Copy out every line of the data exactly; do not include the images.

## [AVAILABLE DATA]
-=-=-

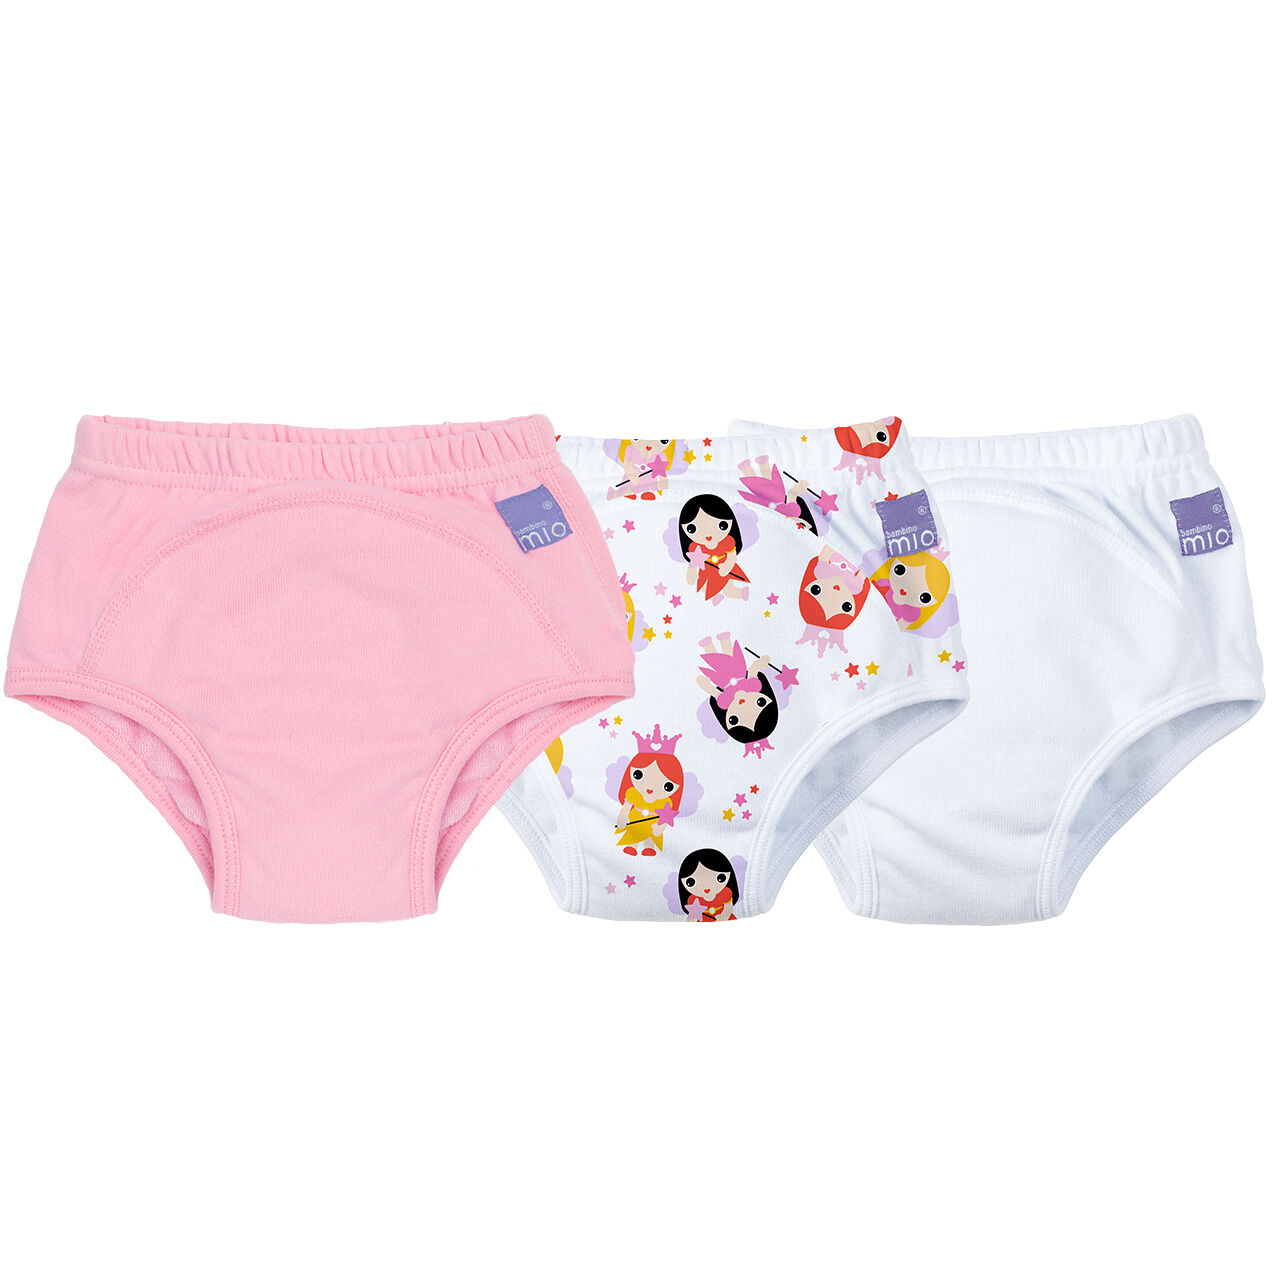 Bambino Mio Potty Training Pants Girl 18-24 Months 3 Pack
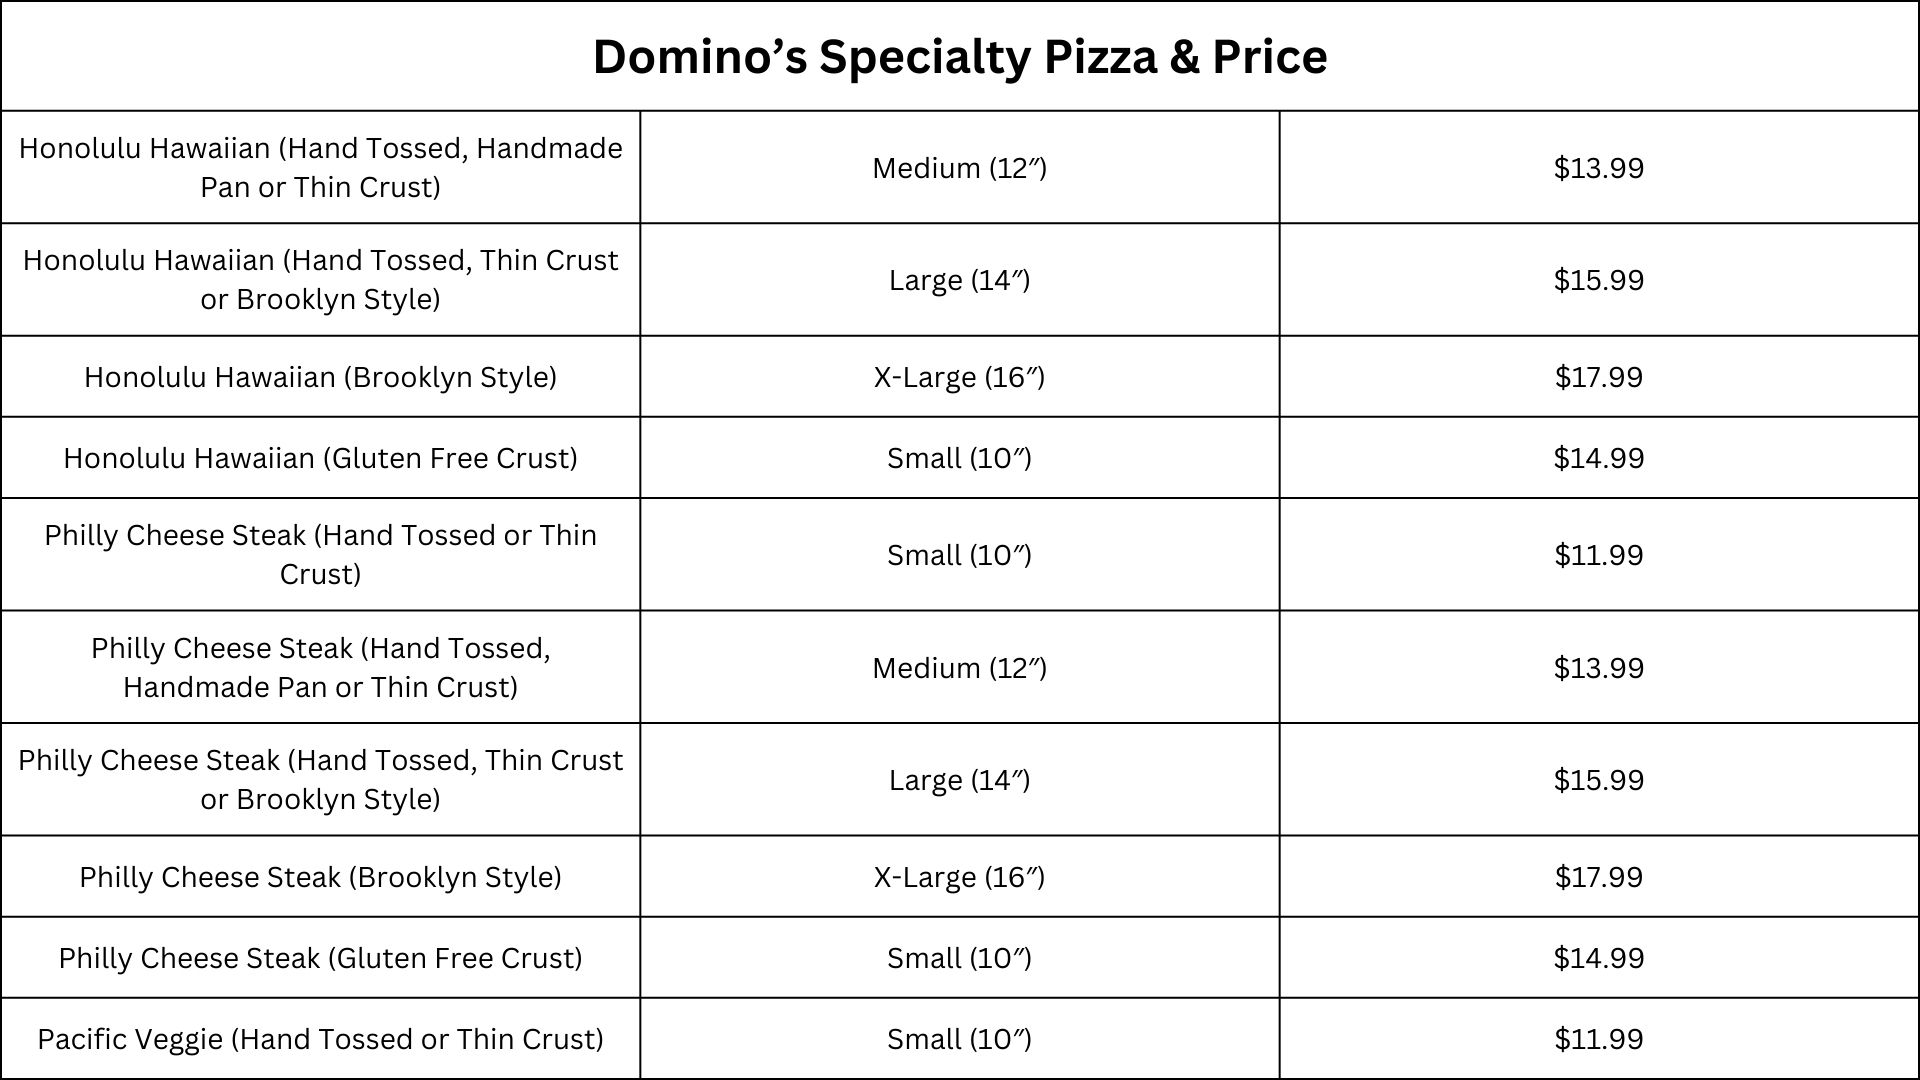 Domino’s Specialty Pizza & Price
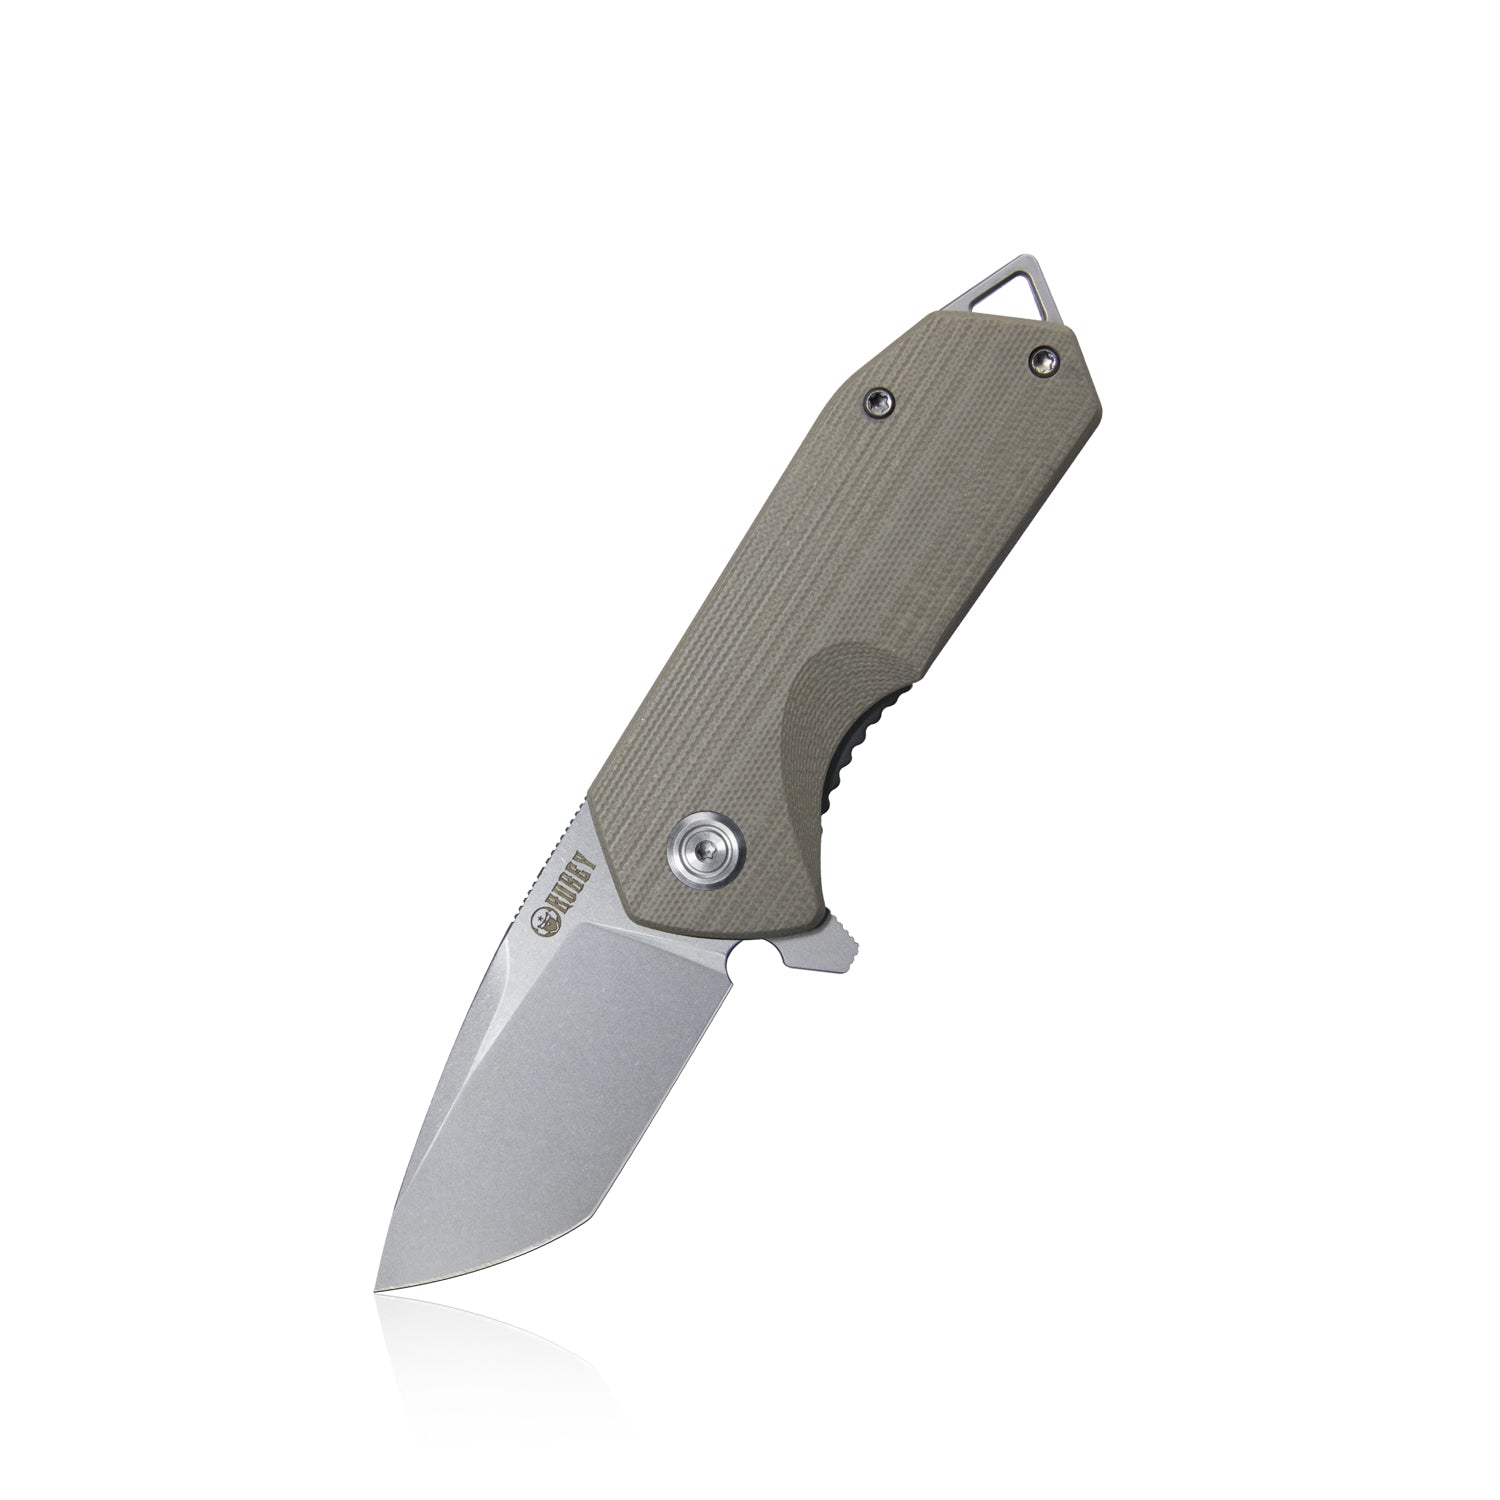 Kubey Campe Nest Liner Lock EDC Flipper Knife Striped Khaki G10 Handle 2.36"Bead Blasted D2 KU203G

-=-=-

## [ANSWER BELOW]
 Bambino Mio Potty Training Pants Girl 18-24 Months 3 Pack
 Domino’s Specialty Pizza & Price
 Kubey Campe Nest Liner Lock EDC Flipper Knife Striped Khaki G10 Handle 2.36"Bead Blasted D2 KU203G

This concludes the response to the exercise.